TASK TO COMPLETE
Where a line of the entries below includes the string "Leadership", count it. Give only the resulting number.

[Records from a collection]
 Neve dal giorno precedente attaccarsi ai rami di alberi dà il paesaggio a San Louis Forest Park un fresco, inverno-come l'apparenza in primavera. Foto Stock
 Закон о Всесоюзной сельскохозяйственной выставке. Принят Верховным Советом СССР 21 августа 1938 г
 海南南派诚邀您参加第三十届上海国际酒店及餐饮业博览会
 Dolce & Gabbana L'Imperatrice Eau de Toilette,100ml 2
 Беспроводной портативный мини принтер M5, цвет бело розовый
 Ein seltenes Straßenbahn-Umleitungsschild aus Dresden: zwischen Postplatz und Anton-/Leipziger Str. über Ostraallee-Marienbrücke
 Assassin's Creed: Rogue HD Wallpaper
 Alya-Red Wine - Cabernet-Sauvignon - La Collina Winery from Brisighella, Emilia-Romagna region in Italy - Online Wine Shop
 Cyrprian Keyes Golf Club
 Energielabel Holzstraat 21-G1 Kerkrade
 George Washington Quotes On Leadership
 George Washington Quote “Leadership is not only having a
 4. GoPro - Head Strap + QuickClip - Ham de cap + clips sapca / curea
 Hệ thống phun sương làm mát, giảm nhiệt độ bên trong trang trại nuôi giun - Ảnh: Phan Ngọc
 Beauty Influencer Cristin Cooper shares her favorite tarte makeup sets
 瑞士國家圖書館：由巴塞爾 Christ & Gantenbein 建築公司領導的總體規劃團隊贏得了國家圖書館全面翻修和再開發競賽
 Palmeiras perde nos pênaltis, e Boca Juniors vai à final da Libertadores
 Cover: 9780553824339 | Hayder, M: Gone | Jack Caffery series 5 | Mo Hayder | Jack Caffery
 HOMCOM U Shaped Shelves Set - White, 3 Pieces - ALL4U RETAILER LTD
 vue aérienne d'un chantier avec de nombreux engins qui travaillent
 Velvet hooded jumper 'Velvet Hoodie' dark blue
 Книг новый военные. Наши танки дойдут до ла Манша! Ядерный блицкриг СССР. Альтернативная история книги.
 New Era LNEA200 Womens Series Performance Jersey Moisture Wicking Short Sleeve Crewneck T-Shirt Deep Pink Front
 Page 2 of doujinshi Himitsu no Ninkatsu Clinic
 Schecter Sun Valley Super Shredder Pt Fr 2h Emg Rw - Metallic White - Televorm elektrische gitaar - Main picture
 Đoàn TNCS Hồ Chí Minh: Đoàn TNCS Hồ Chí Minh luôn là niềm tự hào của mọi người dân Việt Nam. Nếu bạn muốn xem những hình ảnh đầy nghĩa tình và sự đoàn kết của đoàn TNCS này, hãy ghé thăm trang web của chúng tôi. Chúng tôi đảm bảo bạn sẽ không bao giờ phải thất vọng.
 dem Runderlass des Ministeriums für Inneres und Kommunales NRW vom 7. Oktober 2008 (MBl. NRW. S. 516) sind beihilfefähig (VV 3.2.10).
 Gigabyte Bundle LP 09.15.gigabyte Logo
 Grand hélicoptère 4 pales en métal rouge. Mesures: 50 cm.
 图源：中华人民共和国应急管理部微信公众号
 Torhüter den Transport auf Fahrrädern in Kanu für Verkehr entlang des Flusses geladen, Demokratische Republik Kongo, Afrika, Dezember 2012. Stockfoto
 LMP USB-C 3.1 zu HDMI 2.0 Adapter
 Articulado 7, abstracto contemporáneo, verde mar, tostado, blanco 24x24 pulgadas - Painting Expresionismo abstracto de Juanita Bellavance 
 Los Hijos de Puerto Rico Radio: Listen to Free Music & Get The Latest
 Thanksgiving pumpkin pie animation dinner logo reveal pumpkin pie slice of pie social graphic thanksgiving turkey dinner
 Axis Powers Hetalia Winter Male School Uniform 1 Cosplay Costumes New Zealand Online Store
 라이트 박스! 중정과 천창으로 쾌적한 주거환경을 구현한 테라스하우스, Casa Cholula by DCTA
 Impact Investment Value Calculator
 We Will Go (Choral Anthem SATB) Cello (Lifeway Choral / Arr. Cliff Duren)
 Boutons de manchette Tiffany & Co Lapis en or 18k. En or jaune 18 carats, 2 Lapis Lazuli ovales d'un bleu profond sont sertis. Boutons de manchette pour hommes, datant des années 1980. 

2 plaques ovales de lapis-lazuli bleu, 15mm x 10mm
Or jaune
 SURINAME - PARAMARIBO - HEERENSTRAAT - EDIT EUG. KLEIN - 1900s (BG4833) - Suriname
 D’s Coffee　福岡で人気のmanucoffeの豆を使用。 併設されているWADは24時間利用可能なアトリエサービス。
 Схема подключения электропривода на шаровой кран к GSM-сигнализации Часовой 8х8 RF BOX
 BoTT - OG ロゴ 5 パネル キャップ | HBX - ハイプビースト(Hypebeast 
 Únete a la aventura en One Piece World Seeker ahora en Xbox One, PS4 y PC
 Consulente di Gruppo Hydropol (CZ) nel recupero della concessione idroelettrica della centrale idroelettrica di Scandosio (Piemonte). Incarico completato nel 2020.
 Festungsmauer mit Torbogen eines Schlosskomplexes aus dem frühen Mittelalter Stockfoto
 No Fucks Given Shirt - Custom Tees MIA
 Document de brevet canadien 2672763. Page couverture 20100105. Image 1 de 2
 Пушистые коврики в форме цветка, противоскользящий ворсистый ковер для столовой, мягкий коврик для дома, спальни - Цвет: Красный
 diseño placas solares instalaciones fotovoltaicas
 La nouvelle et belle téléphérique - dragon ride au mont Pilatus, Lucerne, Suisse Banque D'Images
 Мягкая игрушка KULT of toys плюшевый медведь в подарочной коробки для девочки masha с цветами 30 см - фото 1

WRITTEN REPLY
2